Looking forward to in 2019
Muriel’s Wedding the Musical
Directed by Simon Phillips, a theatrical version of PJ Hogan’s iconic hit film features music and lyrics by Australian award winning songwriters Kate Miller-Heidke and Keir Nuttall. I was lucky to see MW during its premiere Sydney run in late 2017. With a new cast, it will look absolutely gorgeous in Melbourne’s Her Majesty’s Theatre.

Come From Away
This Tony Award–winning musical tells the true story of the 38 planes and more than 6500 passengers who were unexpectedly forced to land in Gander, Newfoundland in Canada after the September 11 terrorist attacks in New York. Writers David Hein and Irene Sankoff used hundreds of interviews taken from the community in Gander to deliver a powerful message about the kindness of strangers. A terrific all-Australian cast will bring this show to life at the Comedy Theatre in July.

The Lady in the Van
Alan Bennett’s mostly true story of the fascinating relationship between the award-winning British writer and his long-term guest. Starring the effervescent Miriam Margolyes as the eccentric and cantankerous Miss Shepherd – The Lady in the Van will be a great opener for MTC in 2019.

It has been 20 years since the stage adaptation of Tim Winton’s award-winning novel, Cloudstreet has been presented on the Merlyn Stage. Matthew Lutton directs an all-star cast in this epic production that chronicles the lives of two working class families in Perth in –World War II Australia.

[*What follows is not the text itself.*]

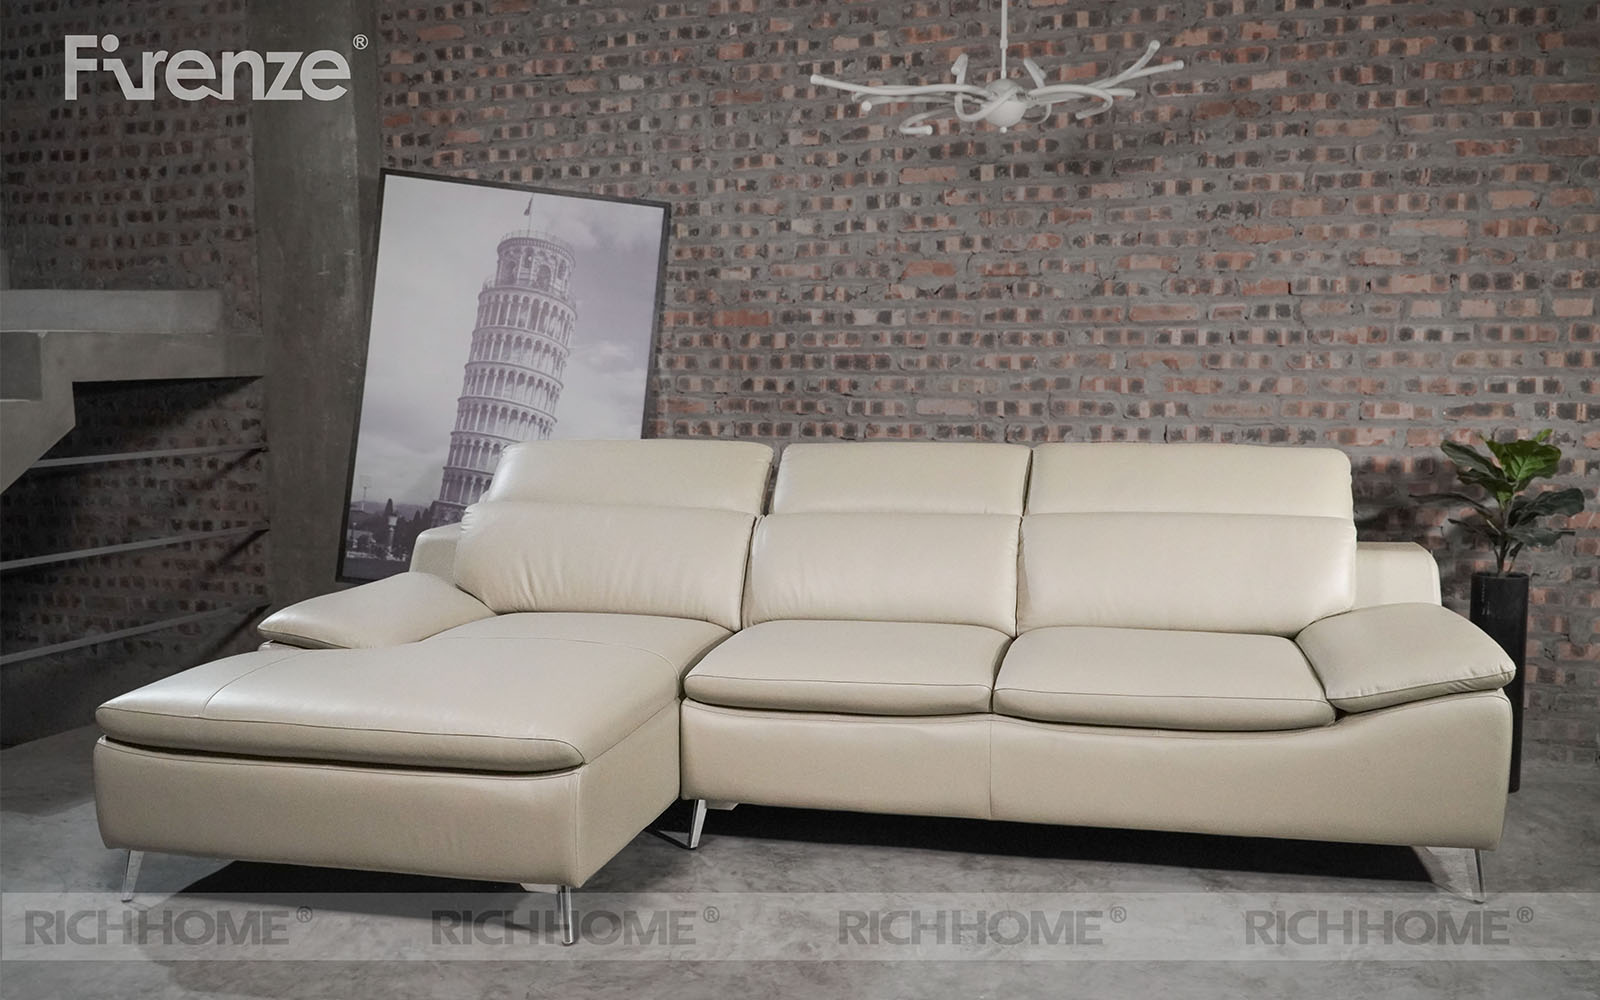 Các mẫu sofa cho căn hộ nhỏ diện tích 25m2 - Ảnh 9

SM: Rohan and I don't agree about a lot of shows, but he's still the person I totally trust if I'm not sure if I should see a musical. Or if I need to know anything about any show that's been on in the last 30 to 40 years.  Australian Arts Review is another independent arts media site that keeps covering more shows and artists than any of the mastheads. Maybe 2019 needs to be the year when indie arts media gets the love it deserves.